My Night Walk Folly


My Night Walk Folly
By Pete Wood

I’m going back a few years now as will be apparent from the number of pubs named here which are alas no more. It was at a time when I revelled on my Saturday nights in taking a bus from my home in Woodlesford – on the east fringes of Leeds – into the city centre. Once in the city centre I would have a drink in one or other of my favourite pubs and then set off to walk all the five miles back home calling in most if not all of the pubs on the way. I would start on bottles and make my way up to points as I got nearer to home.

I would always call in at The Adelphi just across Leeds Bridge, when there was a jazz band playing in the upstairs room I had to drag myself away for I was tempted to stay in there all night but ‘the way home was long and steep and I had miles to go before I sleep’. Next up would be The Crown Hotel on Crown Point Road then The Mulberry. Sometimes I would call in The Bankfield at the bottom of South Accomm, always the lively Wellington on Hunslet Road, sometimes The Red Lion but invariably I would always finish up in the Crooked Billet opposite the Stourton traffic lights where for many years Renee Johnson played the piano. I had to finish up in the Crooked Billet even through the last pub on my route should have been The John O’Gaunt at the top of the hill but the distance between The Billet and The John O’Guants entailed a twenty minute walk and I couldn’t spare twenty minutes of prime boozing time nearing last orders.
. (I wouldn’t like you to think I had a pint in all of those pubs all of the time or I would never have got up the John O’Gaunt’s Hill at all – I hardly drink at all now but those were my halcyon days). After being chucked out of The Crooked Billet I would roll up the three miles remaining to home in a pleasant alcoholic haze.
These weekly forays suited me very well and I had many a good night in this fashion.
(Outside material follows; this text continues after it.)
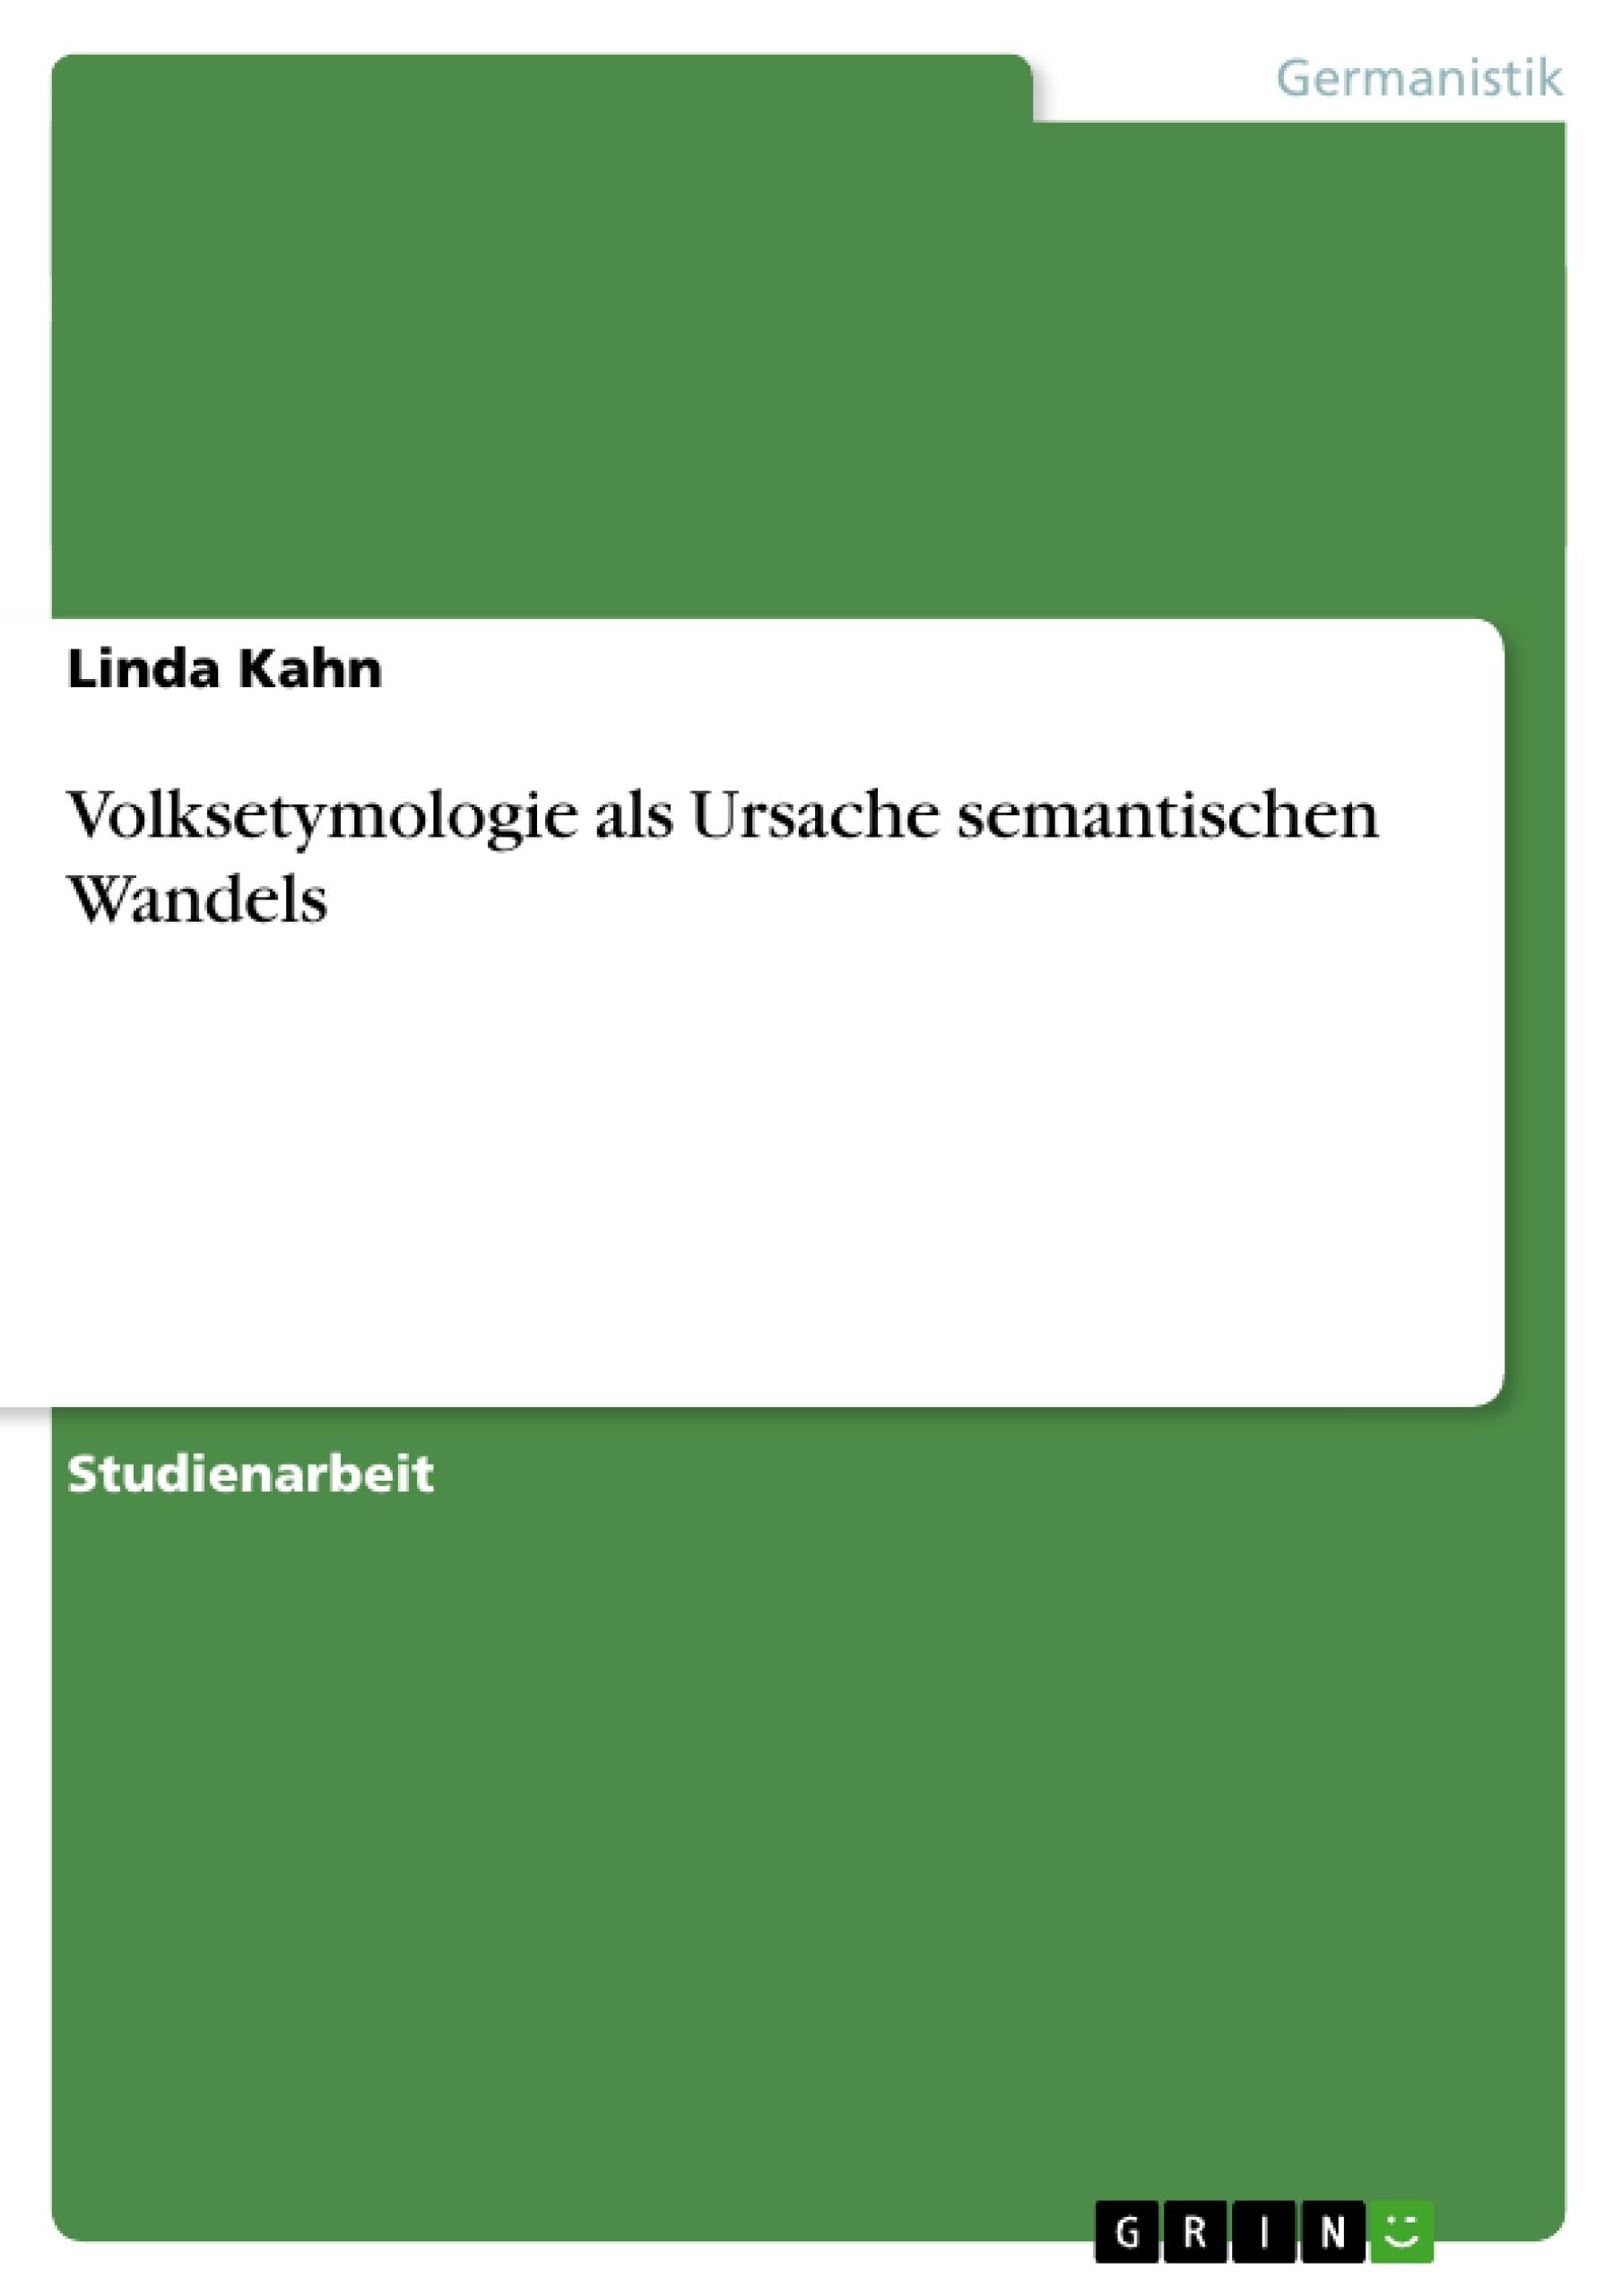 Titel: Volksetymologie als Ursache semantischen Wandels
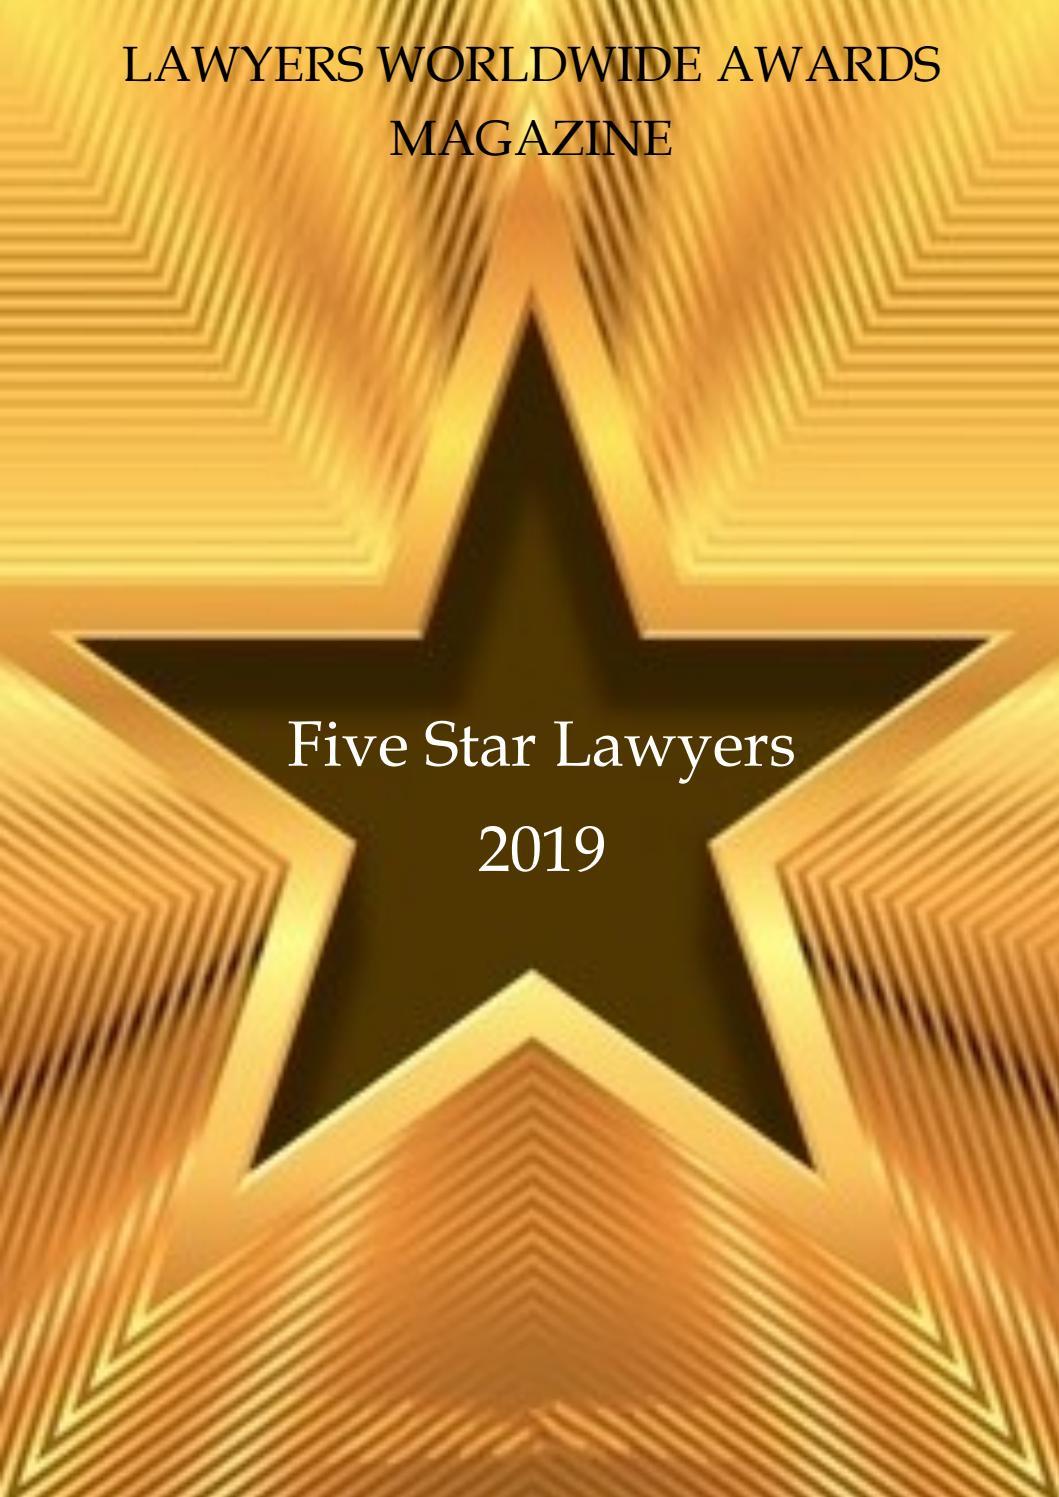 5 star lawyers magazine by Productive Media - issuu

Then one balmy Saturday evening in mid-summer I got a little bit too ambitious. I was having my city centre drink in the old Railway pub which was close to the bridge on Marsh Lane and a pub we frequented greatly in our iconic ‘Market District Boys Club’ days. Sitting there in ‘The Railway’ that particular Saturday night I thought to myself, what if I walked home Whitkirk way instead of through Stourton for a change? This was my first mistake: I didn’t appreciate just how far that was going to be. The Stourton way home was about five miles but through Whitkirk, Selby Road Bullerthorpe Lane etc. would have been nearer to eight miles
So, off I set up Railway Street heading for York Road. This was my second mistake as it took me well out of my way and lost valuable boozing time. Eventually I made it to ‘The White Horse’ but was disappointed to find it far quieter than it had been in the good old days. On to ‘The Dog and Gun’ then; risking life and limb crossing the manically busy York Road. By the time it was already quarter past ten. I’m running out of time I thought, it’s quarter past ten and I’ve only had three pints, better miss out ‘The Whitebeck’ and make straight for ‘The Irwin Arms’. This was my third mistake, the place was a real mad house, and I had a job trying to get served at all. Anyway, I found a quiet back room and lining another three pints up (as it was nearing eleven o’clock) I proceeded to make up for lost time and managed to get ‘well oiled’. Now at one point, I had to leave those lovely pints on the table unattended while I visited the men’s room. Was that my fourth mistake? Did someone slip something into my pints? I don’t know but anyway I had no choice, when you have to go you have to go! And you can’t carry three pints with you into the toilets can you?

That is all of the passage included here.